İşe İade Davası Nedir?
İşe iade davası, işveren tarafından iş akdinin geçerli bir neden olmaksızın feshedilmesi sonucu işçinin, iş güvencesinden yararlanarak işe iadesini talep ettiği davadır. Bu dava İşçi-işveren arasında kurulan iş sözleşmesinin doğurduğu sonuçlardan biridir. Açılması için belirli koşulların varlığı gereklidir.
Koşulları Nedir?
1-) İş Kanunu veya Basın İş Kanunu Kapsamında Çalışıyor Olmak
İşçinin işe iade davası açabilmesi için İş Kanunu veya Basın İş Kanunu kapsamında çalışan bir işçi olması gerekir. Borçlar Kanunu kapsamında çalışan bir işçi işe iade davası açamaz.

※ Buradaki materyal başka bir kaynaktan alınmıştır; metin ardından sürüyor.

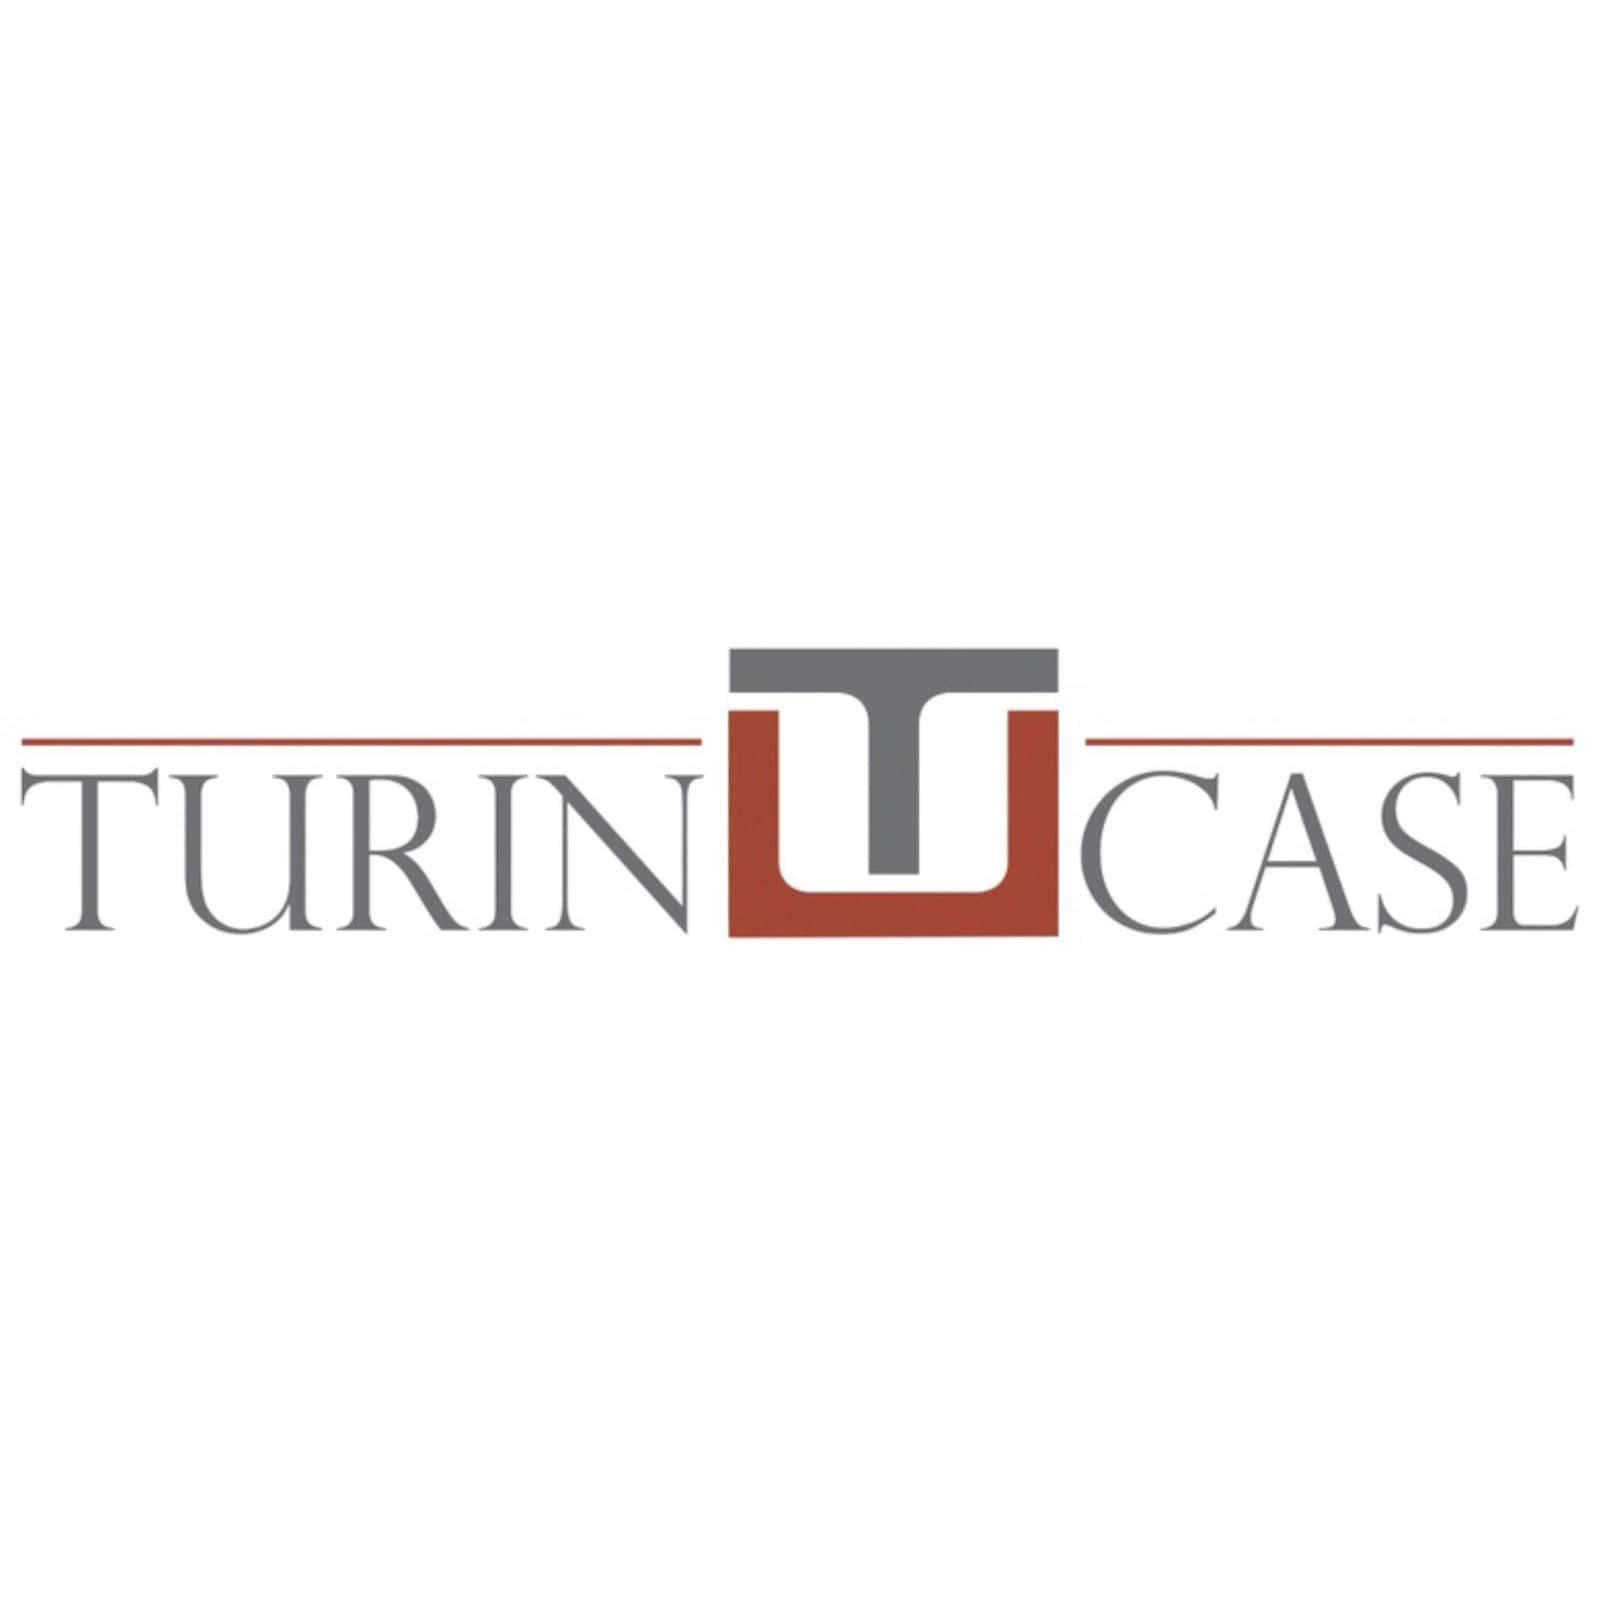 turincase logo

2-) İşveren Vekili Olmamak
İşveren vekili İş Kanunu’nun 2. Maddesinde tanımlanmıştır.
“İşveren adına hareket eden ve işin, işyerinin ve işletmenin yönetiminde görev alan kimselere işveren vekili denir. İşveren vekilinin bu sıfatla işçilere karşı işlem ve yükümlülüklerinden doğrudan işveren sorumludur. Bu Kanunda işveren için öngörülen her çeşit sorumluluk ve zorunluluklar işveren vekilleri hakkında da uygulanır. İşveren vekilliği sıfatı, işçilere tanınan hak ve yükümlülükleri ortadan kaldırmaz.” denilmektedir. Tanımdan da görüleceği üzere işveren vekili işyerinin yönetiminde yetkili bir kişidir.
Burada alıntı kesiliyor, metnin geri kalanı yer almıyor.